Birkin with Gainsbourg and her daughters Kate and Charlotte, on vacation in St. Tropez.

Which brings us to the wicker basket that Jane carried to hold the diapers necessary for baby Kate, who accompanied Jane and Serge on their all-night outings. Charlotte was born in 1971, and she, too, went club-crawling. Jane left Serge in 1980 to live with the movie director Jacques Doillon, who, unlike Serge, was not a noctambule, so their baby daughter, Lou, born in 1982, went out only to lunches.

Jane Birkin was one of those generous people who give more than they get. She was in some 70 movies, recorded 20 albums, and was on the road performing almost until the end.
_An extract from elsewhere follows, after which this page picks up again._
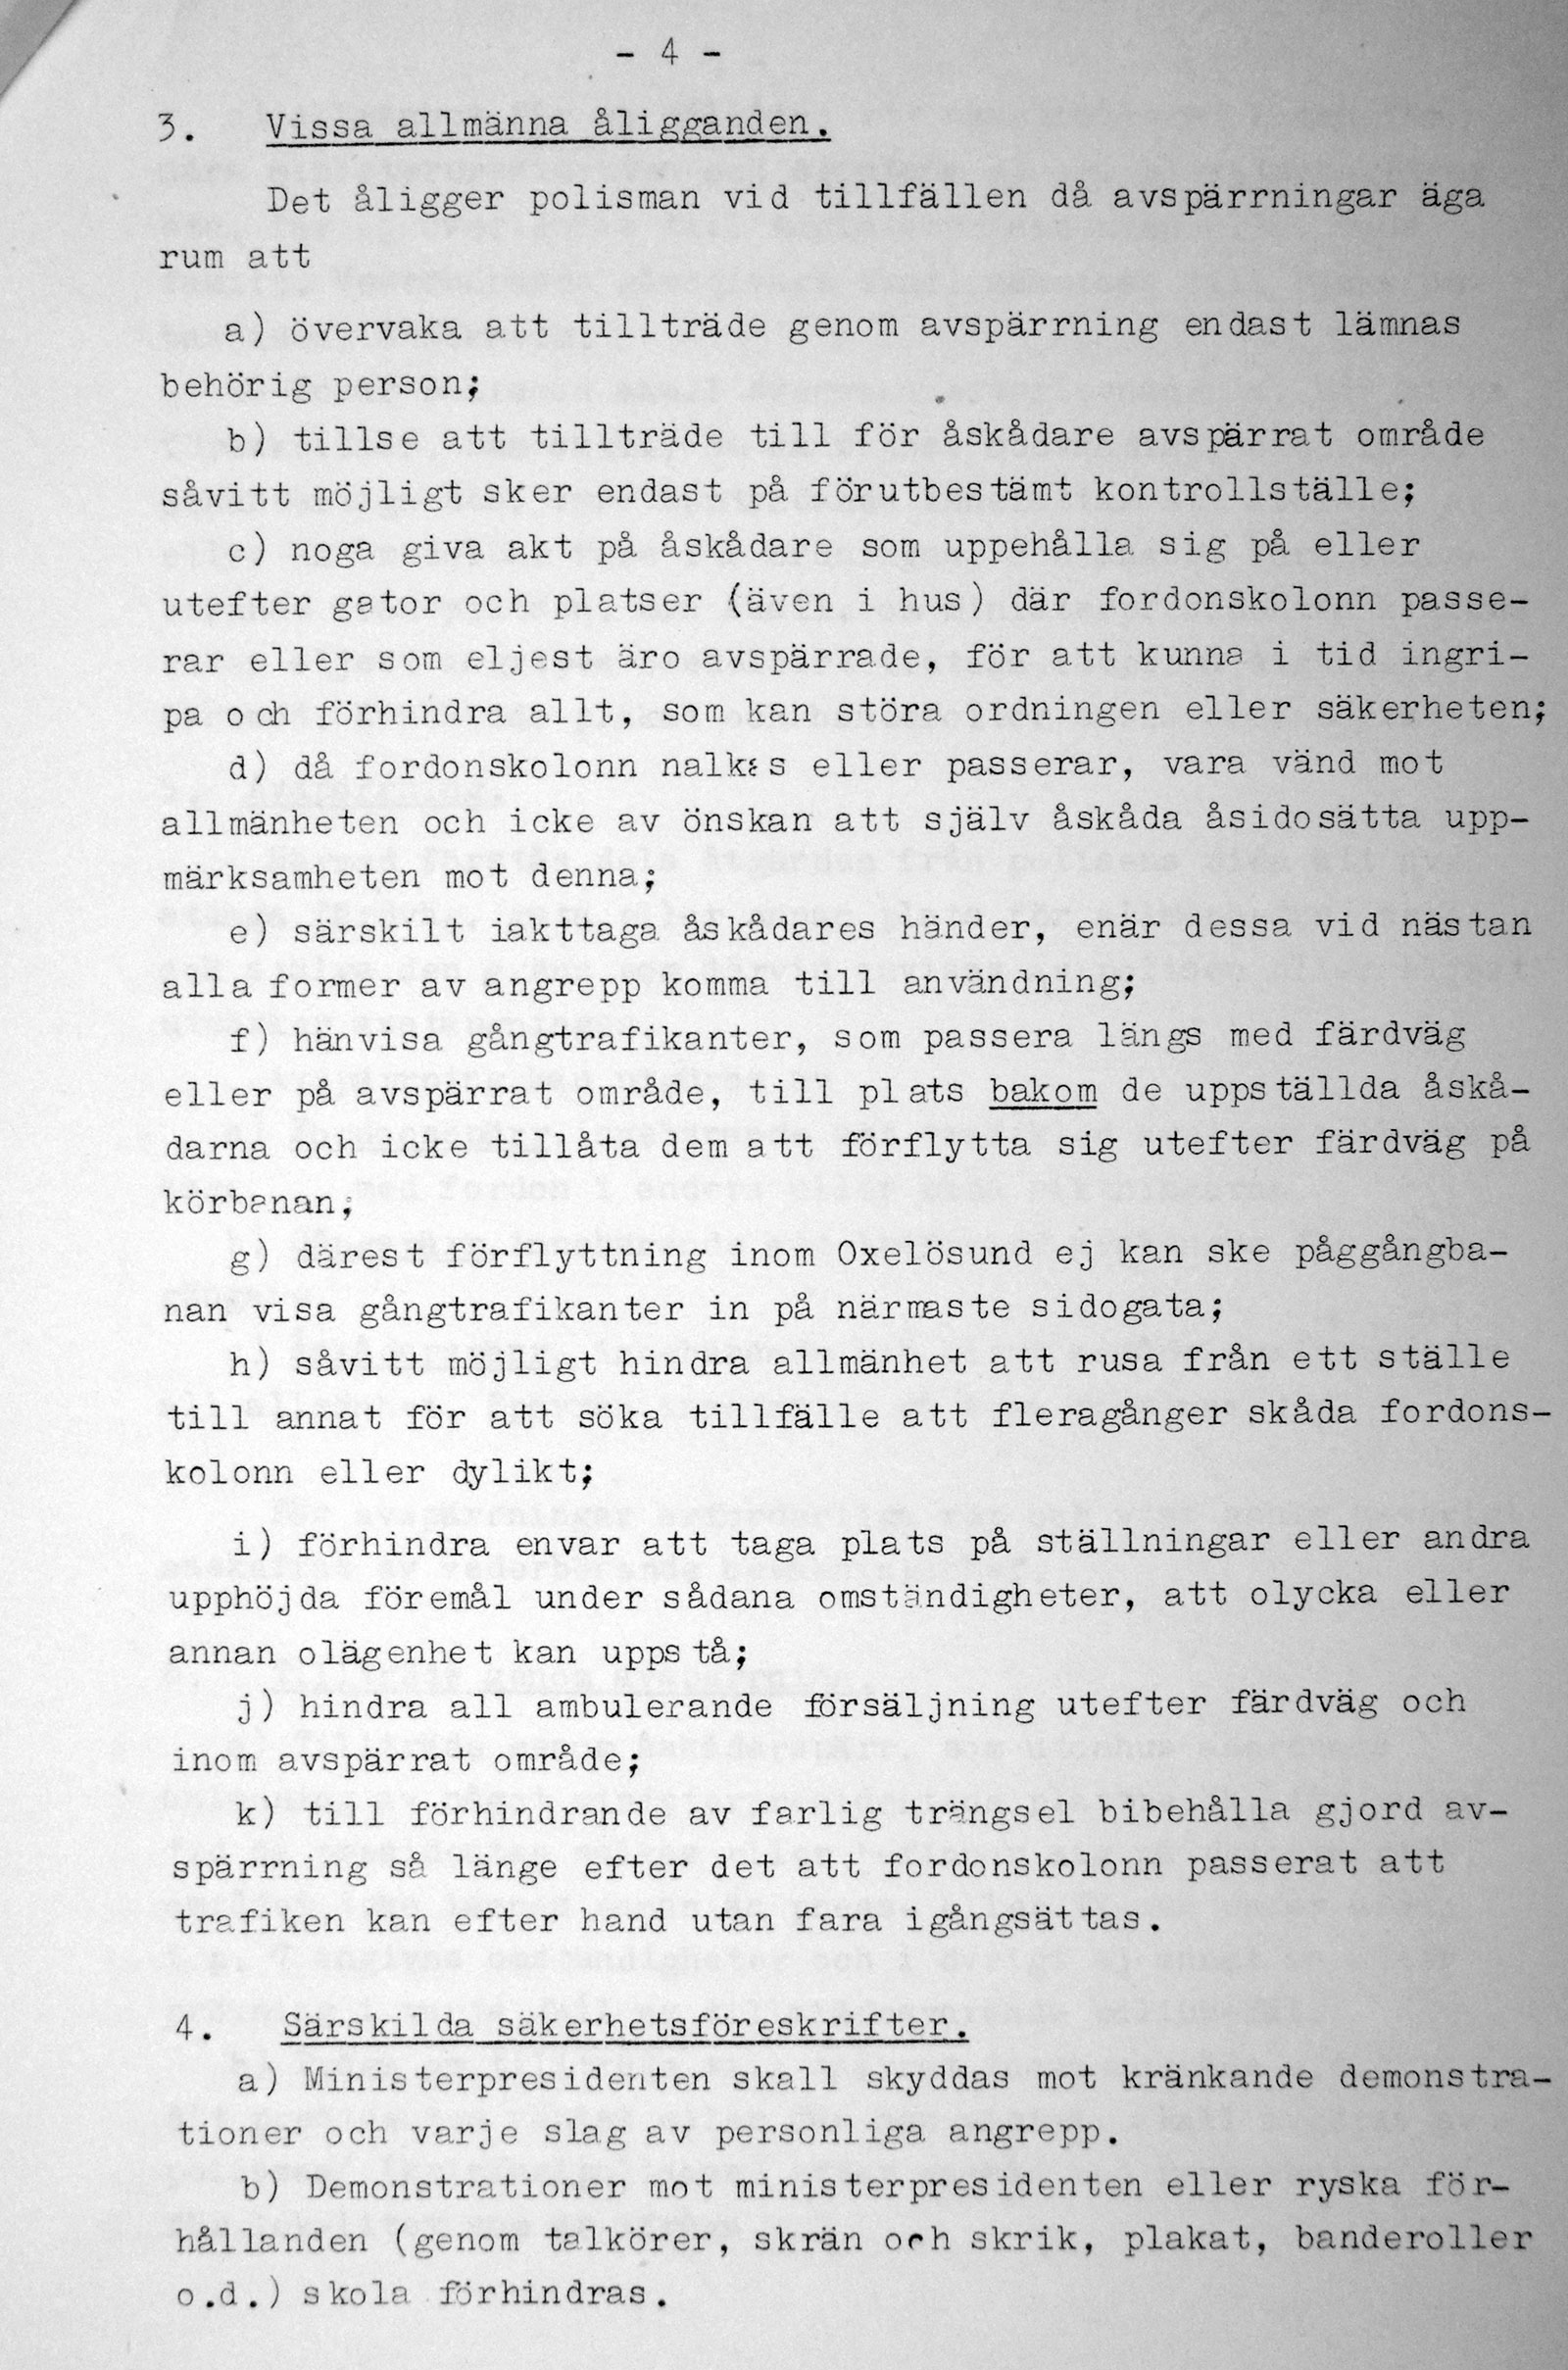 Kommenderingsorder beträffande ministerpresidenten Chrustjovs besök i Södermanlands län den 25 och 26 juni 1964.

In 1989, after breaking up with Doillon, she lived with Lou, then seven years old, in a very Parisian little house on a sliver of courtyard between apartment buildings in Passy. She wrote with an ink pen, used a hardcover address book the size of a desk ledger, and wore those same clothes every day: faded baggy men’s jeans, sneakers, a shapeless sweater. She was 42, easing into middle age, her lids beginning to hang over her wide eyes, an actress without makeup untouched by cosmetic tweaks, easy and gentle and fun. You see her gallantry in the appetite she brought to playing the daffy, arty Mrs. Fortescue 10 years later in James Ivory’s A Soldier’s Daughter Never Cries.

Birkin with her Birkin.

When I interviewed her for Vanity Fair, she came over to the hotel room where I’d been writing to gauge exactly how messy my desk was, because she was about to play a writer in a Bertrand Tavernier film called Daddy Nostalgie.

A few weeks later, she sent me a long letter about taking daughters, rucksack, and shopping bags to mosquito-ridden Lapland, and after three pages of vivid details—“the formations are in such a rush to conceive and feed the young before dropping dead like captain Oats that they suck your blood as if there was no tomorrow”—she admitted, “I’m writing with the usual cramps about whether I’ve said anything to wound in our interview.”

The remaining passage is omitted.